The present invention relates generally to the field of systems and methods for three-dimensional (3D) imaging including, but not limited to, systems and methods for 3D image processing and for 3D visualization of objects and targets in a scattering medium.
Integral imaging and digital holography techniques have been studied for real-time sensing, visualization and recognition of real-world objects. Integral imaging is a passive three dimensional (3D) imaging technique that utilizes multi-perspective information to extract the depth information of a 3D object. In such a system, a lenslet array or an imaging device with a synthetic aperture captures a set of 2D elemental images from slightly different perspectives that together contain the 3D information of an object. The computational modeling of integral imaging for 3D visualization of the object can be performed by using a virtual ray propagation algorithm.
In digital holography, a digital hologram, i.e. the diffraction pattern of the object illuminated by coherent light, is recorded on an image sensor. The original 3D field of the object is computationally reconstructed from the digital hologram of the object by using a virtual Fresnel propagation algorithm.

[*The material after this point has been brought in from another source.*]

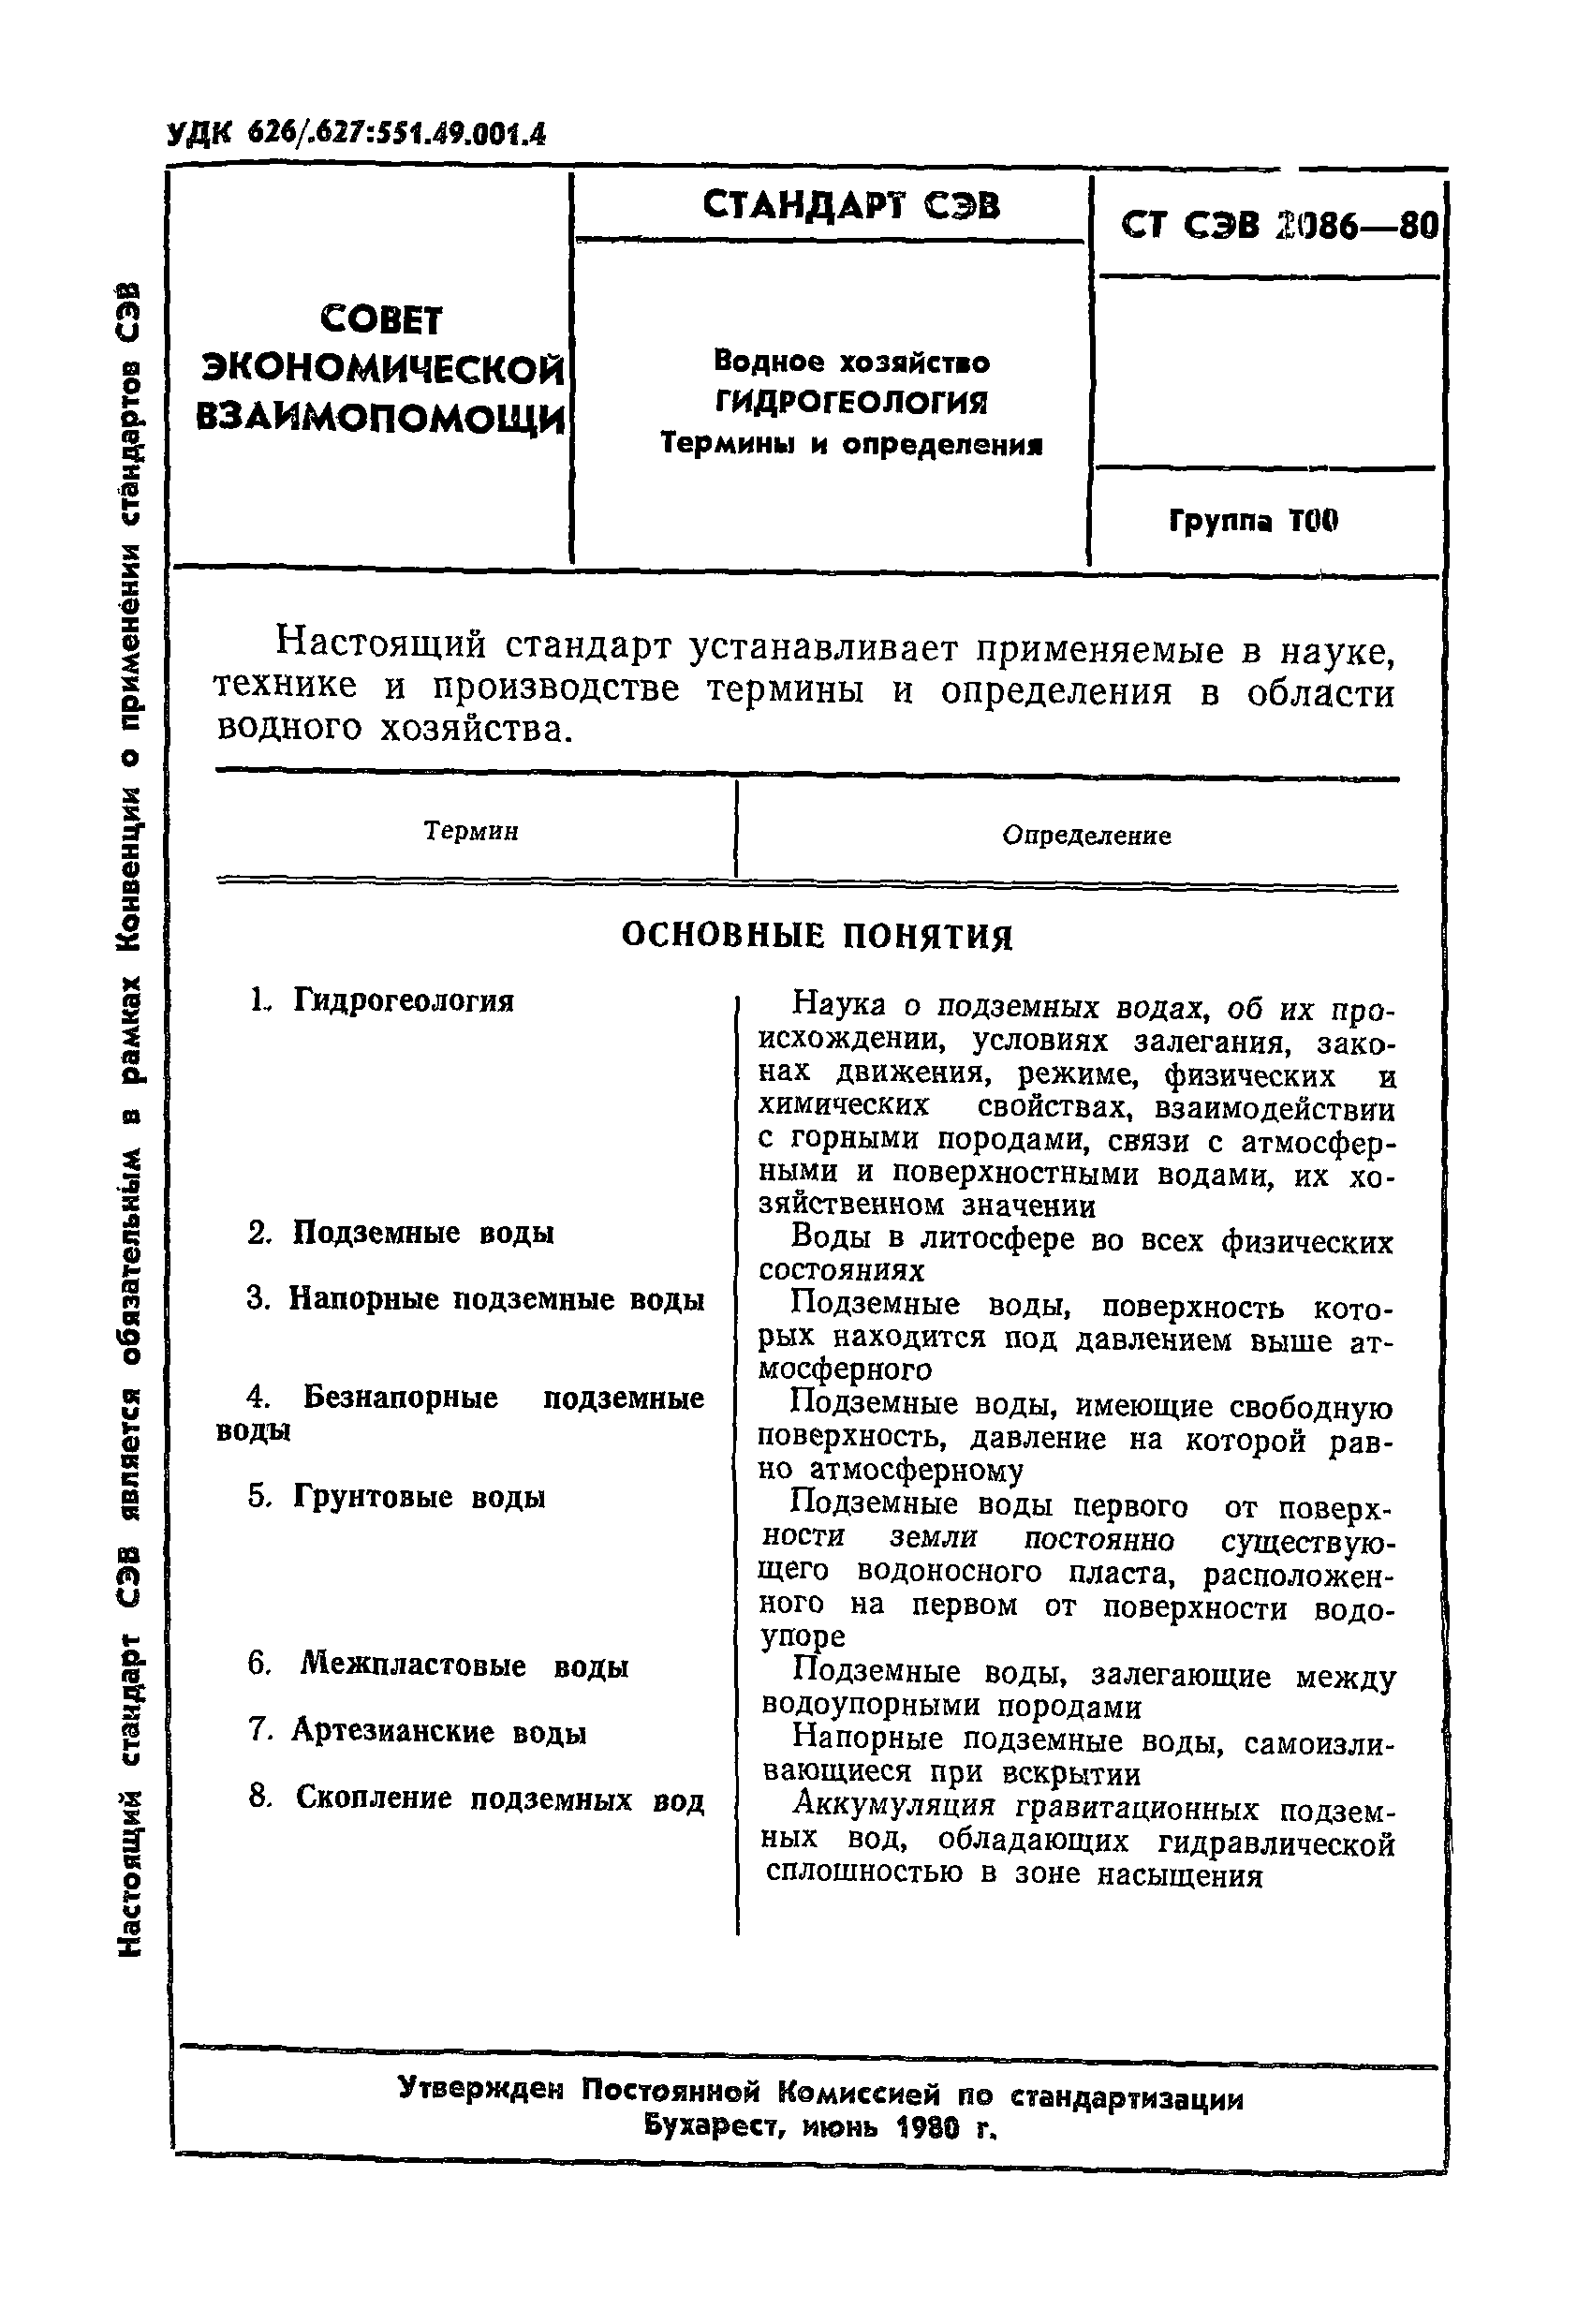 СТ СЭВ 2086-80

These two 3D optical imaging systems have found a variety of applications including 3D image recognition, occluded 3D object visualization, automatic analysis of 3D microscopic image data, holographic tomography, and 3D display.
Current technologies used in the field to address visualization of objects in scattering media comprise the use of Laser Radar (LADAR). LADAR suffers from being expensive, complex, and limitations of photon counting sensors. Also, it cannot be used for persistent surveillance.